The term receptive field is also used in the context of artificial neural networks, most often in relation to convolutional neural networks (CNNs). So, in a neural network context, the receptive field is defined as the size of the region in the input that produces the feature. Basically, it is a measure of association of an output feature (of any layer) to the input region (patch). It is important to note that the idea of receptive fields applies to local operations (i.e. convolution, pooling). As an example, in motion-based tasks, like video prediction and optical flow estimation, large motions need to be captured (displacements of pixels in a 2D grid), so an adequate receptive field is required. Specifically, the receptive field should be sufficient if it is larger than the largest flow magnitude of the dataset. There are a lot of ways that one can increase the receptive field on a CNN.
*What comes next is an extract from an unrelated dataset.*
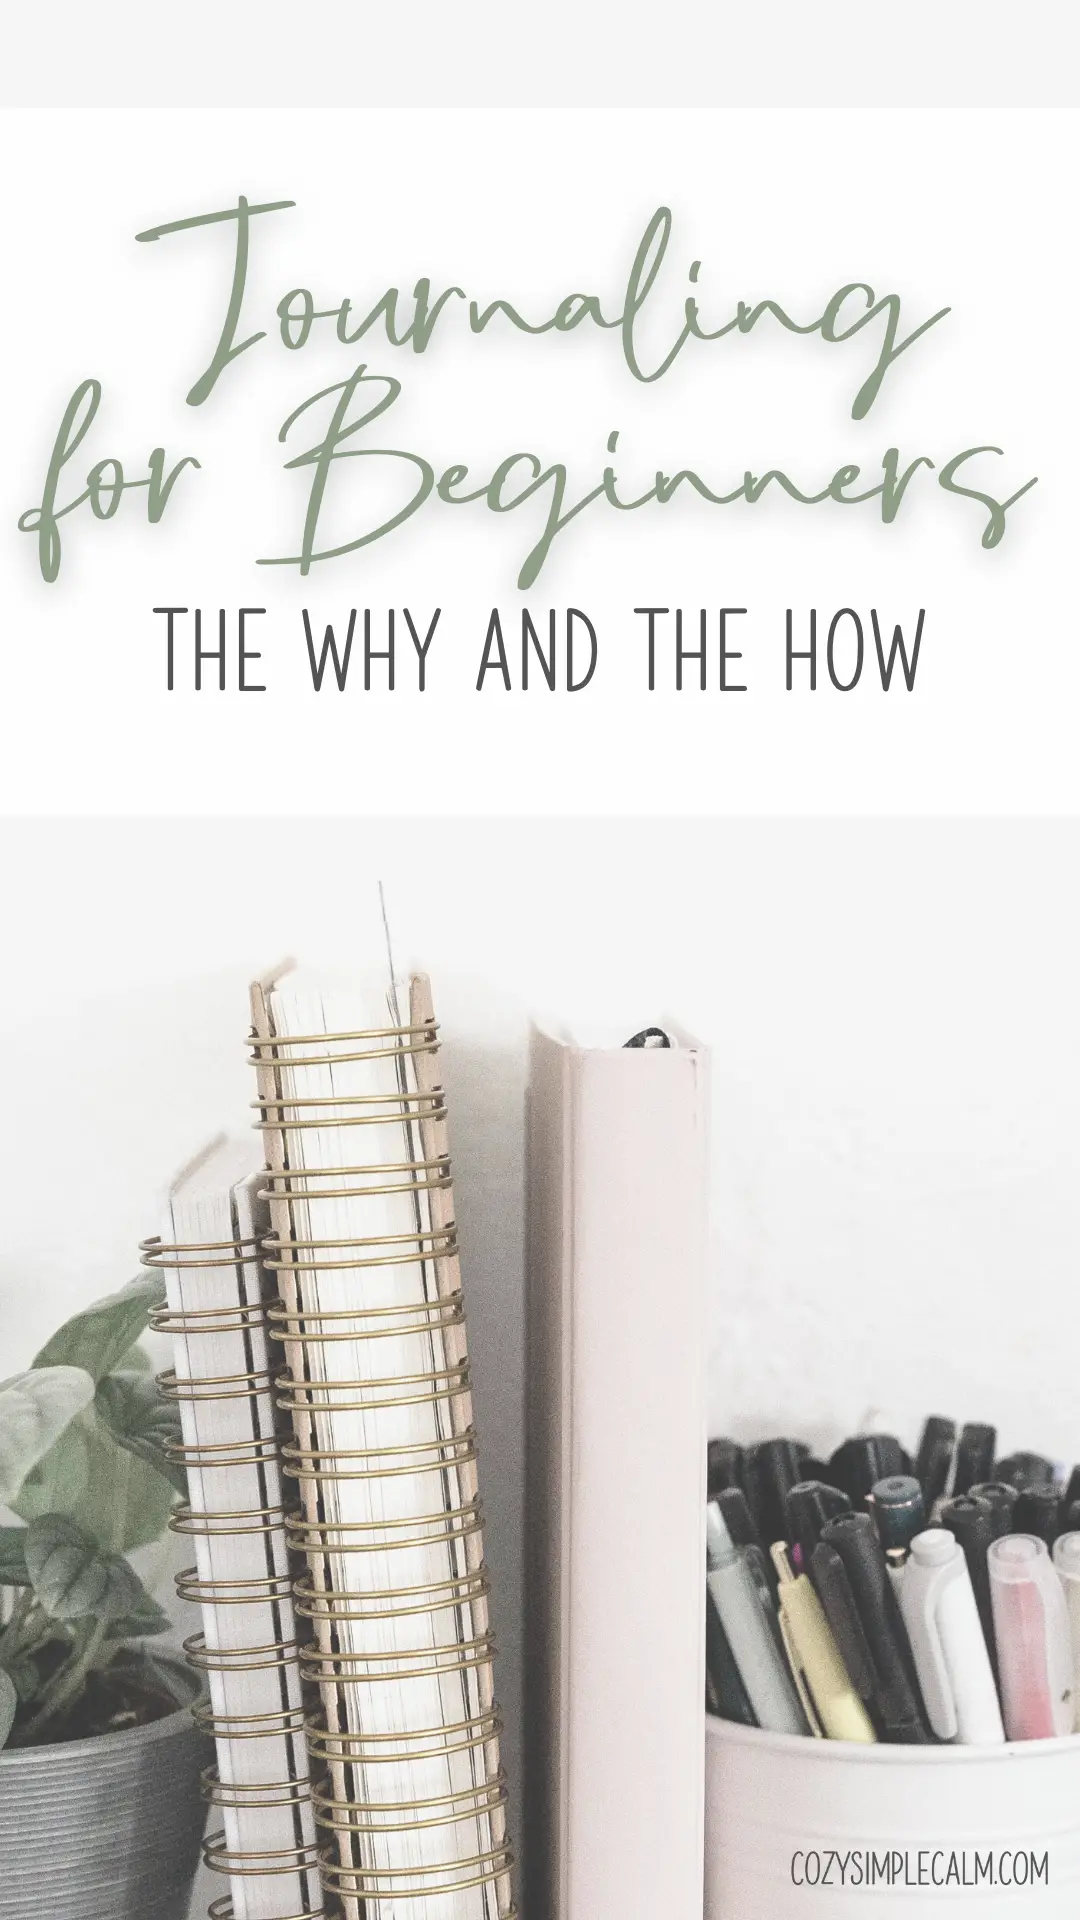 Image of shelf with journals and pens - text overlay: Journaling for beginners: The why and the how

When used in this sense, the term adopts a meaning reminiscent of receptive fields in actual biological nervous systems. CNNs have a distinct architecture, designed to mimic the way in which real animal brains are understood to function; instead of having every neuron in each layer connect to all neurons in the next layer (Multilayer perceptron), the neurons are arranged in a 3-dimensional structure in such a way as to take into account the spatial relationships between different neurons with respect to the original data. Since CNNs are used primarily in the field of computer vision, the data that the neurons represent is typically an image; each input neuron represents one pixel from the original image. The first layer of neurons is composed of all the input neurons; neurons in the next layer will receive connections from some of the input neurons (pixels), but not all, as would be the case in a MLP and in other traditional neural networks. Hence, instead of having each neuron receive connections from all neurons in the previous layer, CNNs use a receptive field-like layout in which each neuron receives connections only from a subset of neurons in the previous (lower) layer. The receptive field of a neuron in one of the lower layers encompasses only a small area of the image, while the receptive field of a neuron in subsequent (higher) layers involves a combination of receptive fields from several (but not all) neurons in the layer before (i. e. a neuron in a higher layer "looks" at a larger portion of the image than does a neuron in a lower layer). In this way, each successive layer is capable of learning increasingly abstract features of the original image. The use of receptive fields in this fashion is thought to give CNNs an advantage in recognizing visual patterns when compared to other types of neural networks.